Oral Arguments Wrap in Case Urging MD Appellate Court to Require Judges to Disclose When They Have Donated to One of the Parties
On February 5, 2025, the Appellate Court of Maryland heard oral arguments in HSU Contracting, LLC v. Holton-Arms School, Inc., Case No. ACM-REG-0199-2024 (Md. App.), an appeal that “presents an important question of first impression about the appearance of judicial impartiality,” as appellant’s counsel, Christopher Schafbuch of Cairncross & Hempelmann, P.S., explained to the Court. The panel consisted of Judges Stuart Berger, Donald Beachley, and Michele Hotten.
This construction dispute litigation began when the contractor filed a mechanics lien seeking payment for work it had performed at the Holton-Arms School (the School) in Bethesda, Maryland in 2018. After a fifteen-day bench trial in Montgomery County Circuit Court, the trial judge awarded a $2.5M judgment in favor of the School. Months later, the contractor discovered the trial judge’s name in a Holton-Arms Annual Report from 2012 under a heading acknowledging “GIVING FROM GRANDPARENTS, RELATIVES & FRIENDS.” The School’s brochure also listed the trial judge twice as having donated to an endowment fund the School had established for Pat Dooling, a long-time former teacher whose husband had worked with the trial judge’s wife for several years. The contractor moved to vacate the judgment, arguing that the Judge should have recused under Maryland Rule 18-102.11—which requires recusal “in any proceeding in which a judge’s impartiality might reasonably be questioned”—because he never disclosed his status as a Holton-Arms donor. The trial court denied the motion without a hearing and the contractor appealed.

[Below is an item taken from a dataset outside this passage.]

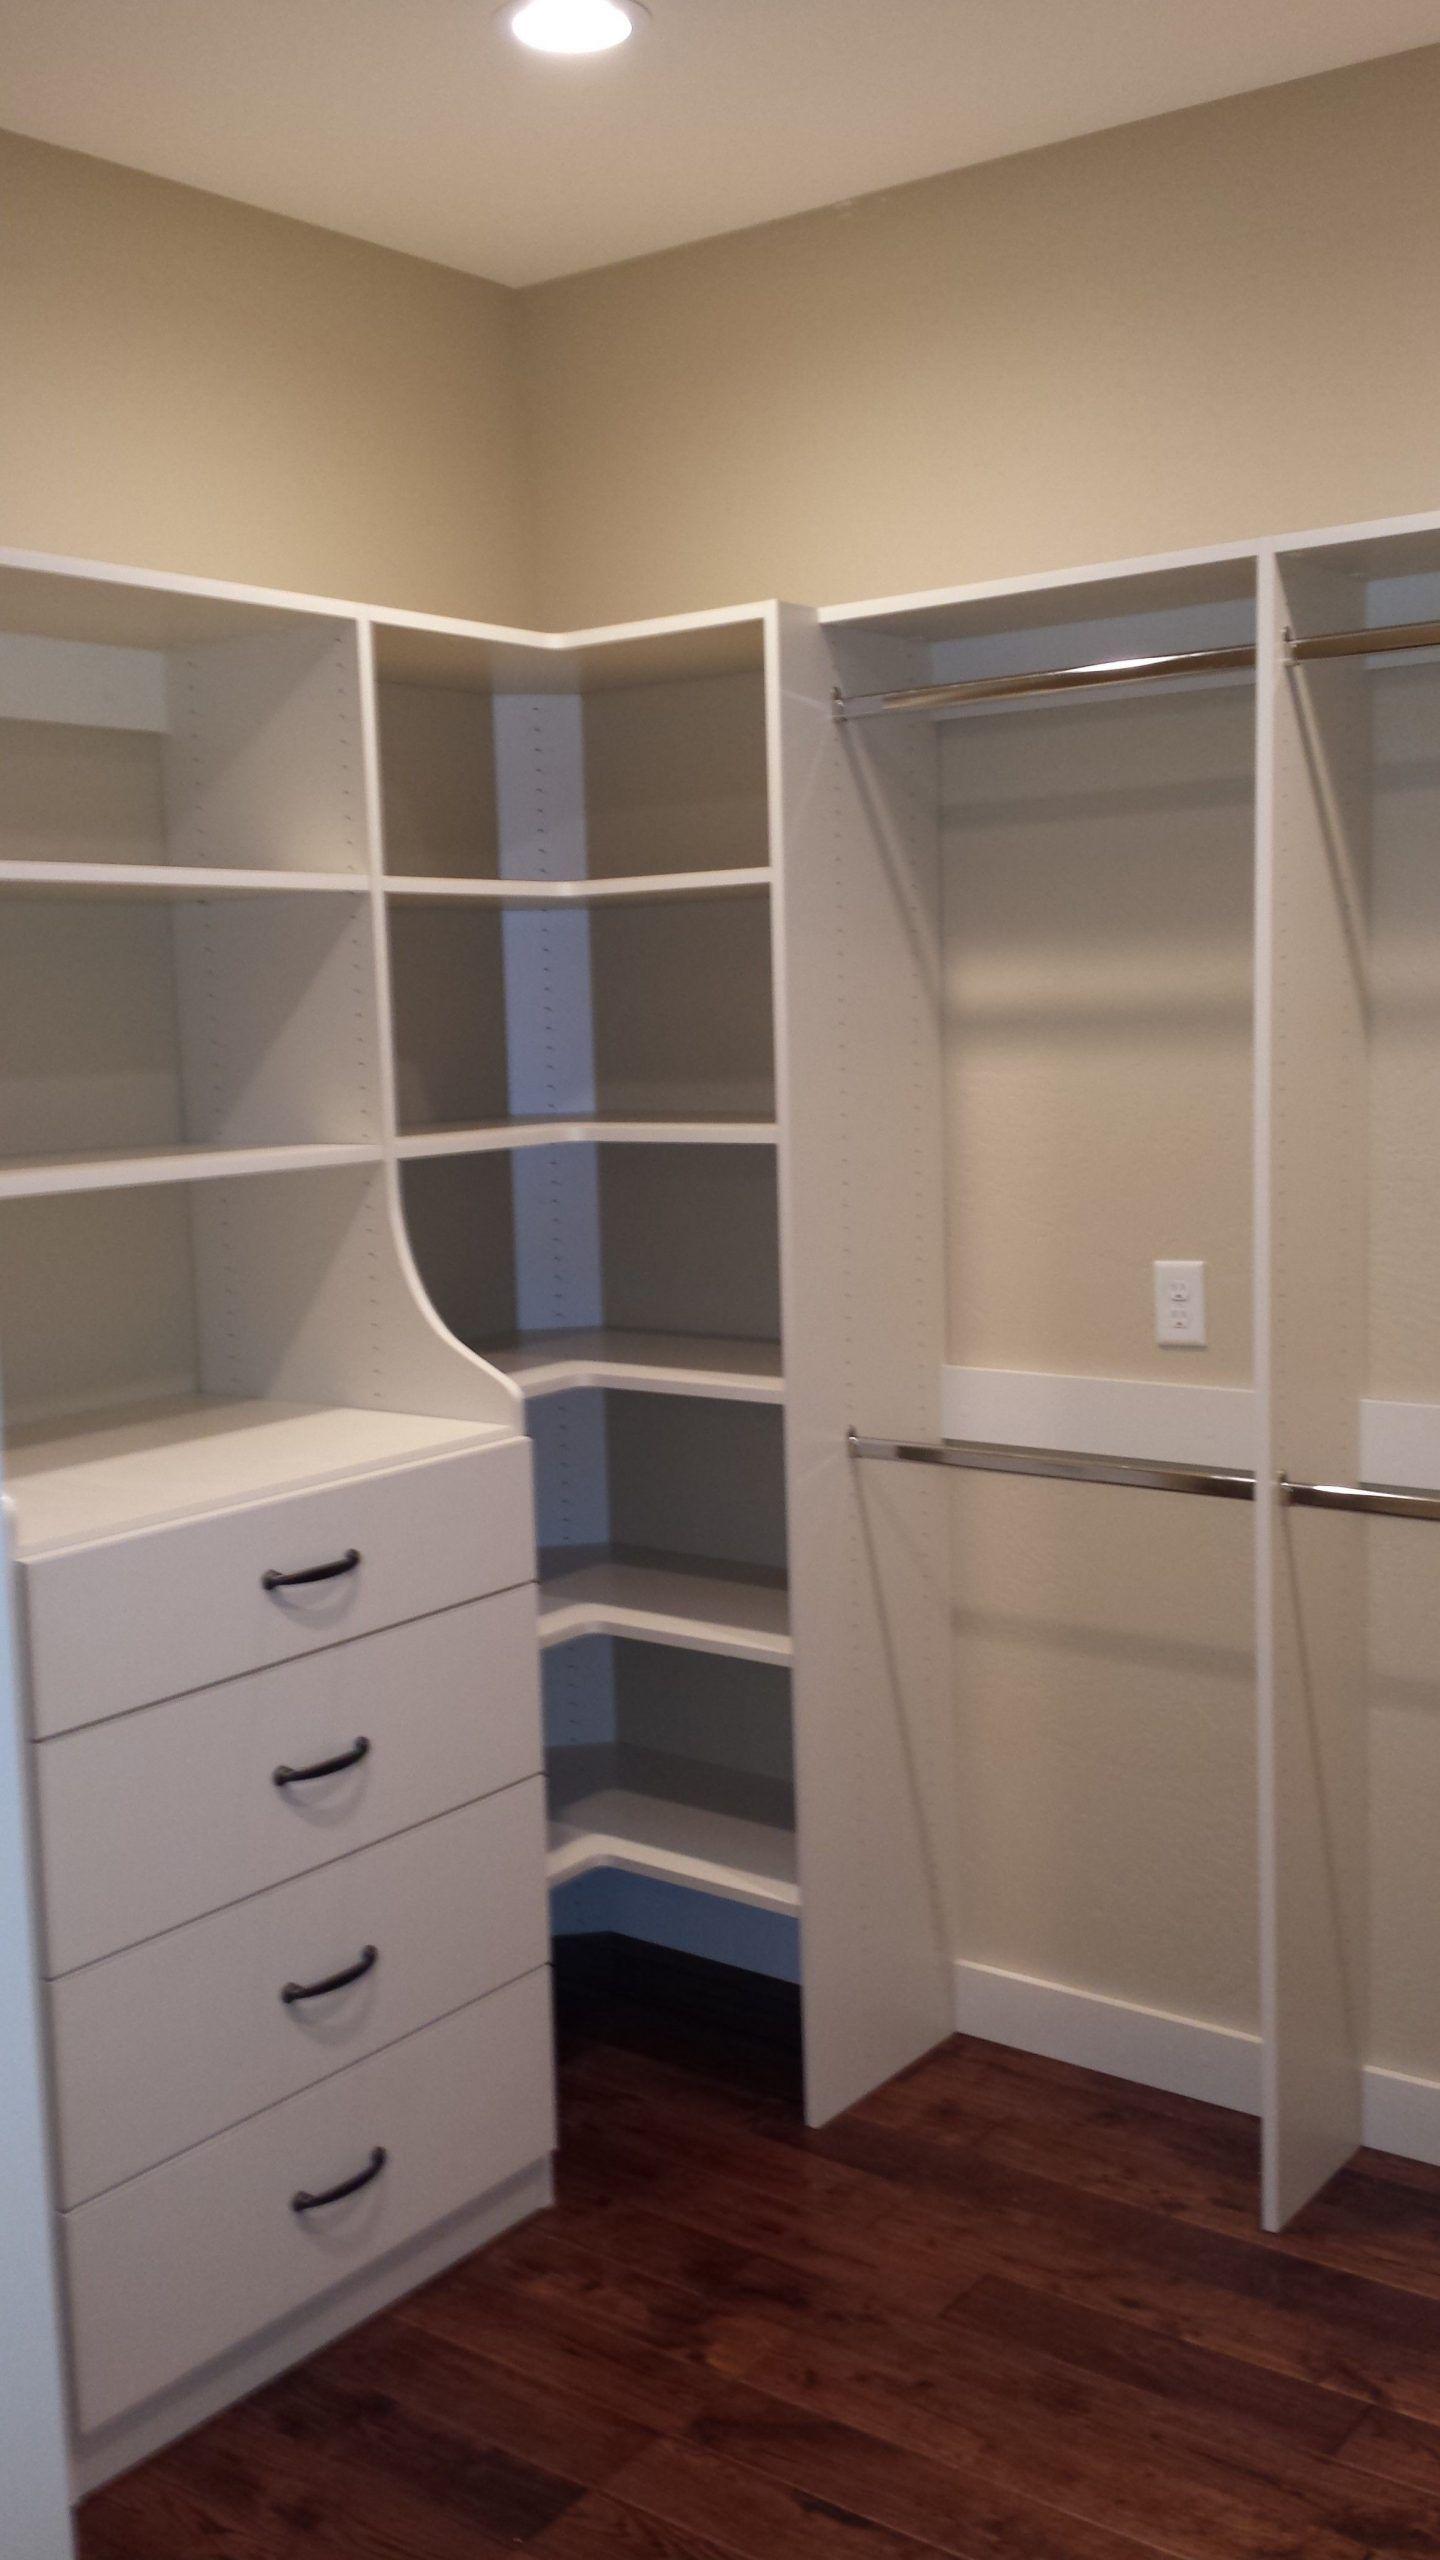 Lowes Closet Design : lowes, closet, design, Lowes, Closet, Organizers, Shelving, Ideas, Depot, System#, #depot, #home, #id…, Layout,, Organization,, Corner, Shelves

During oral argument, the panel asked detailed questions of both sides, focusing on the practicality of adopting a rule obligating trial judges to disclose when they have donated money to a party in a case the judge is deciding. “What if he doesn’t know about the contribution,” Judge Berger asked, “what if the judge’s spouse made the contribution and he was unaware of it?” Judge Beachley expressed similar concerns, asking “I’ve been a judge since 1994, how would I possibly know what contributions I’ve made when friends have passed away or family that went to Saint Mark’s Church, or Saint James School, how could I possibly remember thirty years of contributions?” In response, appellant’s counsel said that a “workable rule” is “once a judge takes the bench, they keep a log and just record when they donate to someone.” Mr. Schafbuch further cautioned the Court that “affirming here would erode trust in the judiciary; it would create a de facto rule that judges need not disclose when they’ve made donations, whether it’s $100 or $100,000.”